*** Opening AVAILABLE RECORDS ***

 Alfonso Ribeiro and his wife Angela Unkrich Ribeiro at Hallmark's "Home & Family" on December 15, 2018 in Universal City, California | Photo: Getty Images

*** Closing AVAILABLE RECORDS ***
*** Opening AVAILABLE RECORDS ***

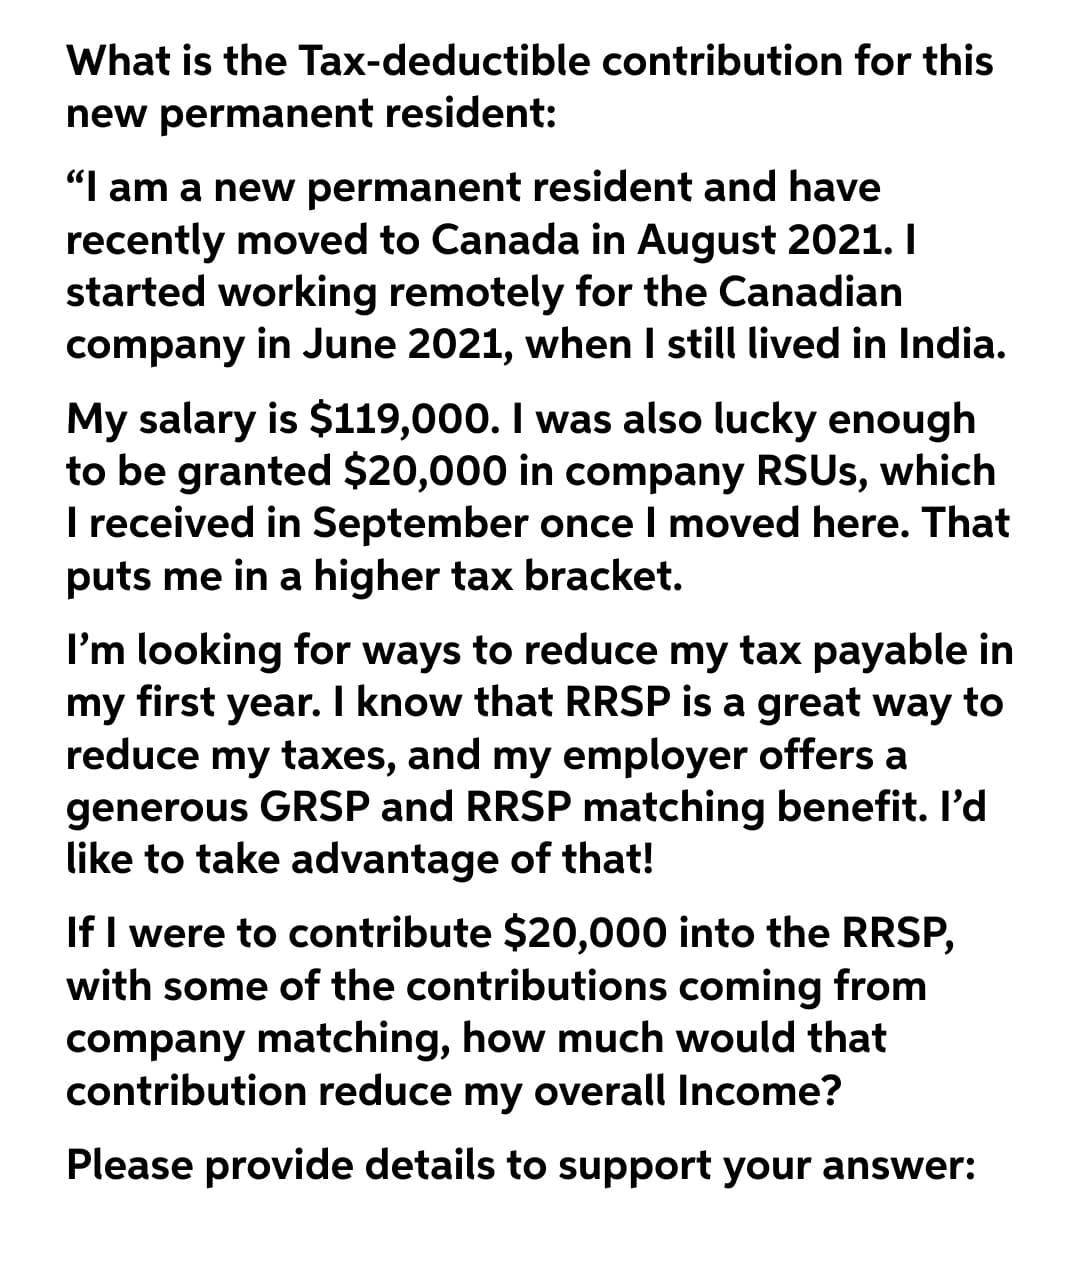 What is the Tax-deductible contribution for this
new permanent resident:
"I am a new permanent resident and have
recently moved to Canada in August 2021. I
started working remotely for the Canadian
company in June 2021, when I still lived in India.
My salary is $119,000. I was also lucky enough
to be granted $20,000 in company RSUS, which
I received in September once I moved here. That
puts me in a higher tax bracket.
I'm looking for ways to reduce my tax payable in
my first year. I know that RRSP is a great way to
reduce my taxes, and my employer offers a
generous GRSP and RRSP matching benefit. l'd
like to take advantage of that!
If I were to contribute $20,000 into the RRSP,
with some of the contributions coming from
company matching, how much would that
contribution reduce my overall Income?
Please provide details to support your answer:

*** Closing AVAILABLE RECORDS ***
*** Opening AVAILABLE RECORDS ***

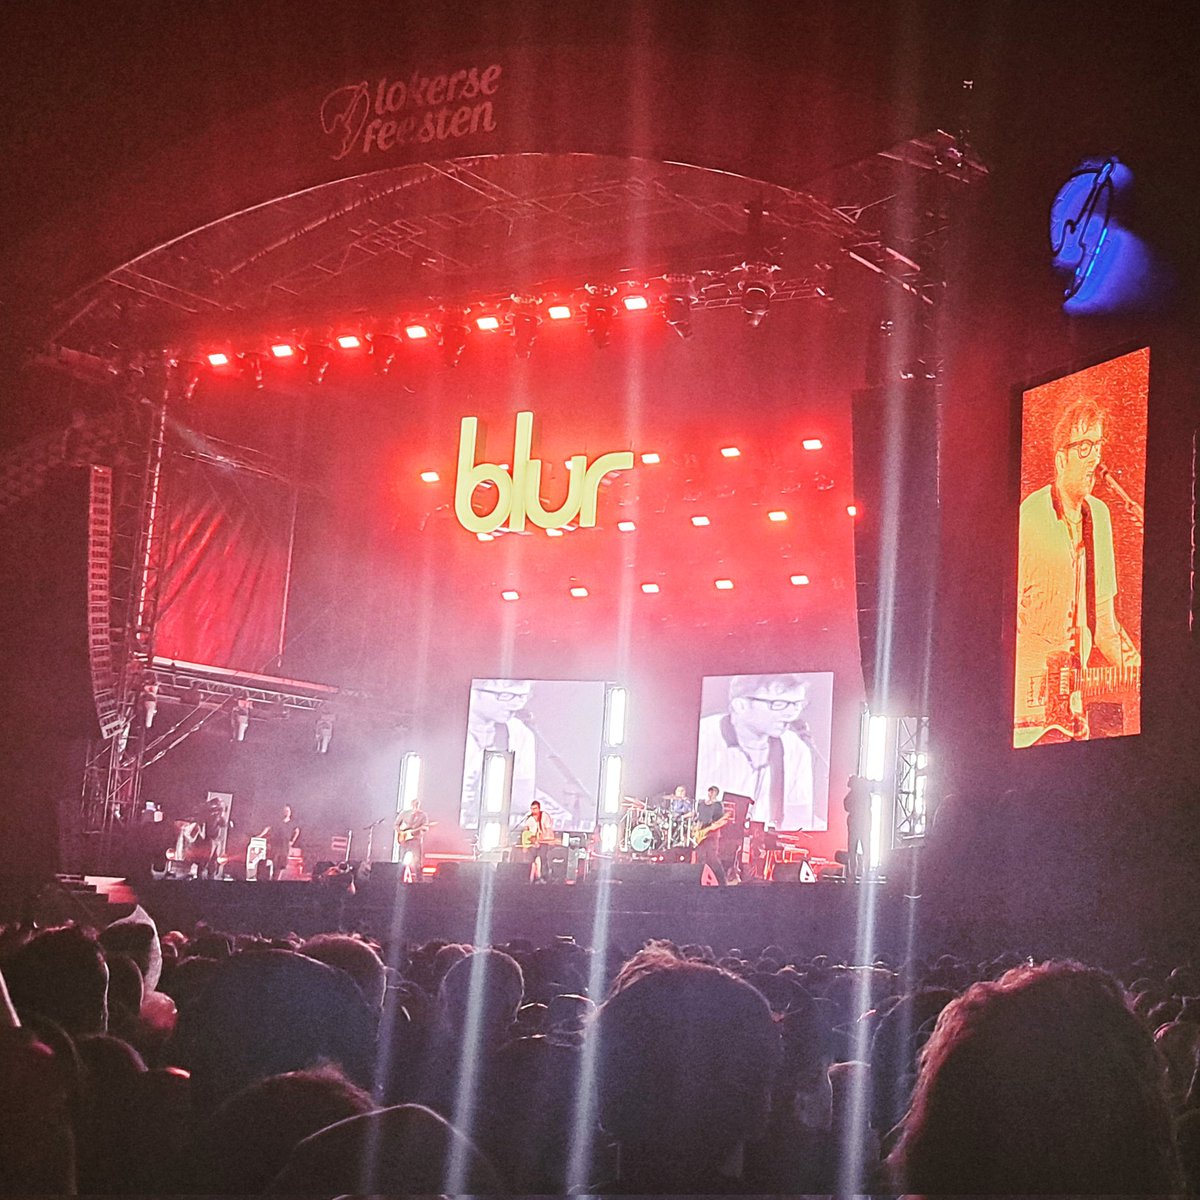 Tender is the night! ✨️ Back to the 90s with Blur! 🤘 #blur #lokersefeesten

*** Closing AVAILABLE RECORDS ***

> TASK PROMPT:
In the listing above, locate the line with "puts me in a higher tax bracket." and the line with "Please provide details", then extract exactly those lines and every line between them, and nothing more.

> RESPONSE BOX:
puts me in a higher tax bracket.
I'm looking for ways to reduce my tax payable in
my first year. I know that RRSP is a great way to
reduce my taxes, and my employer offers a
generous GRSP and RRSP matching benefit. l'd
like to take advantage of that!
If I were to contribute $20,000 into the RRSP,
with some of the contributions coming from
company matching, how much would that
contribution reduce my overall Income?
Please provide details to support your answer:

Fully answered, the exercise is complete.